Rep. Bob Latta (OH), a supporter of the repeal resolution (and a recipient of more than $60,000 in campaign contributions from companies affected by the rules), recommended legislation that would clarify that the FTC has authority to regulate ISPs’ privacy matters. In response, Rep. Mike Doyle (PA) suggested that maybe the GOP should have gone that route rather than using the CRA to prevent the FCC from ever issuing meaningful privacy guidelines.
Regarding the argument that the FTC is doing a good job of regulating consumer privacy issues, Capuano pointed to the CloudPets doll and other toys that allegedly collected user data, or Vizio TVs that watched viewers back. Why would consumers want to put ISPs under such lax privacy controls, asked the Congressman.
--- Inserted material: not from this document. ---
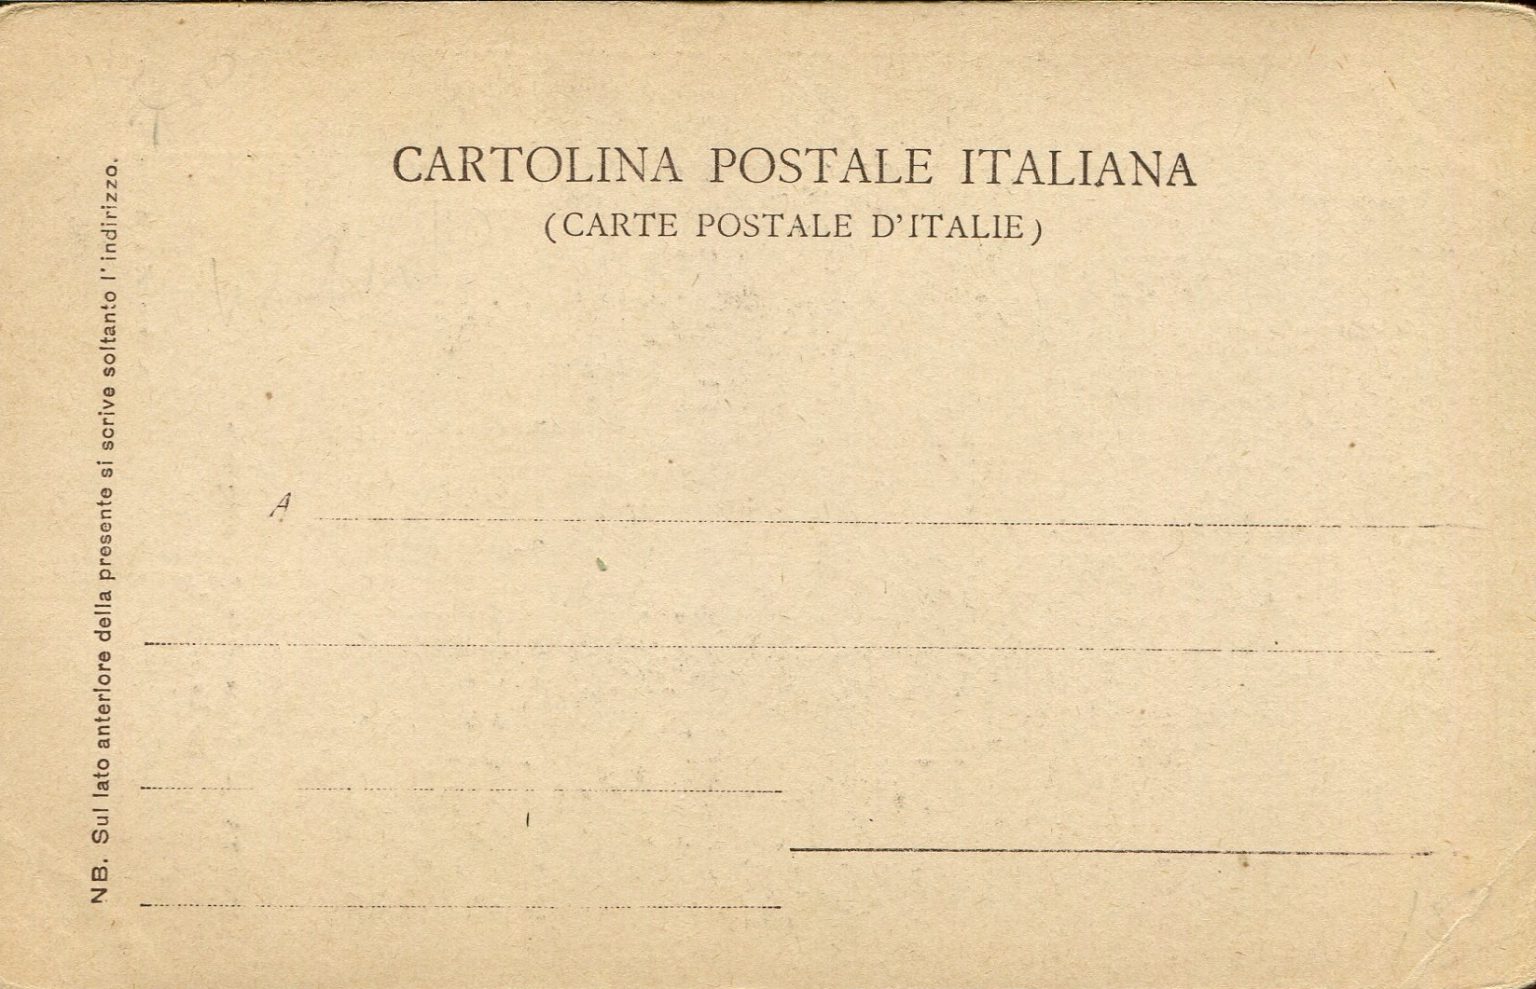 cartolina | Postcard History

FCC Chairman Ajit Pai, who vehemently opposed the privacy rules when they were approved, said today that the FCC will “work with the FTC to ensure that consumers’ online privacy is protected though a consistent and comprehensive framework. In my view, the best way to achieve that result would be to return jurisdiction over broadband providers’ privacy practices to the FTC, with its decades of experience and expertise in this area.”
Former FCC Commissioner Michael Copps has a different take.
“Big Cable and Big Telecom have struck again,” said Copps, now an adviser to Common Cause. “By doing the industry’s bidding, the congressional majority is wiping away common sense protections for the privacy of internet users’ personal data and browsing history. If this bill is signed by the president, broadband providers will have free rein to sell user data to the highest bidder – without ever informing consumers.”
Jonathan Schwantes, senior policy counsel for our colleagues at Consumers Union, criticized lawmakers for rushing to roll back these regulations.
“In a matter of four legislative days, Congress has wiped out groundbreaking privacy rules, carefully designed over 200 days, intended to empower consumers and protect their privacy,” said Schwantes. “The only winners today are internet service providers, mega-corporations like AT&T and Comcast, who have been strong-arming Congress since the day these rules passed last October.”